Using the formula mentioned above, we have:
a_pluto = G * (m_pluto / r^2)
Substituting the given values:
G = 6.67430 × 10^-11 N m^2 / kg^2
m_pluto = 1.4 ✕ 10^22 kg
r = 5.00 ✕ 10^12 m
Plugging in these values, we get:
a_pluto = (6.67430 × 10^-11 N m^2 / kg^2) * (1.4 ✕ 10^22 kg) / (5.00 ✕ 10^12 m)^2
Now we can calculate it:
a_pluto ≈ 9.346 × 10^-6 m/s^2
So, the acceleration of gravity at Neptune due to Pluto is approximately 9.346 × 10^-6 m/s^2.

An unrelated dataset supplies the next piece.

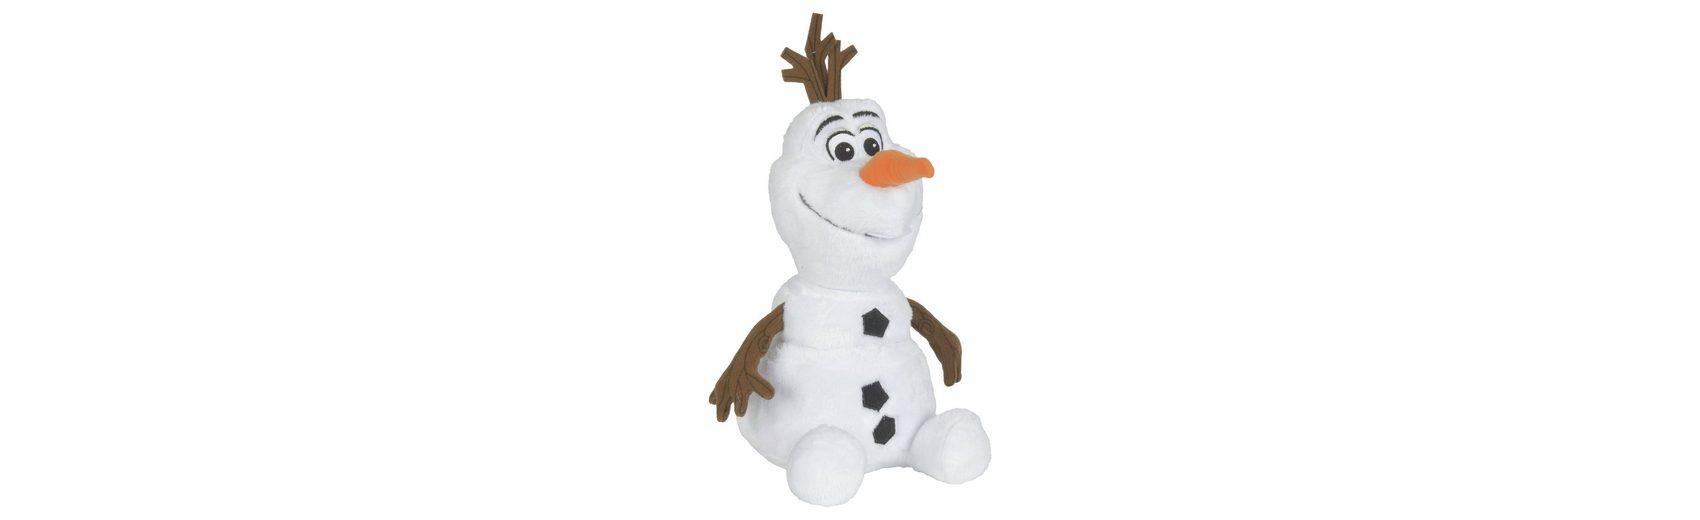 Simba Olaf sitzend 45cm

Moving on to the acceleration of gravity at Neptune due to Uranus:
(b) Calculate the acceleration of gravity at Neptune due to Uranus when they are 2.50 ✕ 1012 m apart. The mass of Uranus is 8.62 ✕ 10^25 kg.
Using the same formula, we have:
a_uranus = G * (m_uranus / r^2)
Substituting the given values:
G = 6.67430 × 10^-11 N m^2 / kg^2
m_uranus = 8.62 ✕ 10^25 kg
r = 2.50 ✕ 10^12 m
Plugging in these values, we get:
a_uranus = (6.67430 × 10^-11 N m^2 / kg^2) * (8.62 ✕ 10^25 kg) / (2.50 ✕ 10^12 m)^2
Now we can calculate it:
a_uranus ≈ 1.125 × 10^-5 m/s^2
So, the acceleration of gravity at Neptune due to Uranus is approximately 1.125 × 10^-5 m/s^2.
Now, to find the ratio of the acceleration due to Uranus to the acceleration due to Pluto, we divide the two values:
Ratio = acceleration_due_to_uranus / acceleration_due_to_pluto
Ratio = (1.125 × 10^-5 m/s^2) / (9.346 × 10^-6 m/s^2)
Ratio ≈ 1.20
Therefore, the ratio of the acceleration of gravity at Neptune due to Uranus to that due to Pluto is approximately 1.20. This implies that Uranus has a slightly greater effect on the orbit of Neptune compared to Pluto.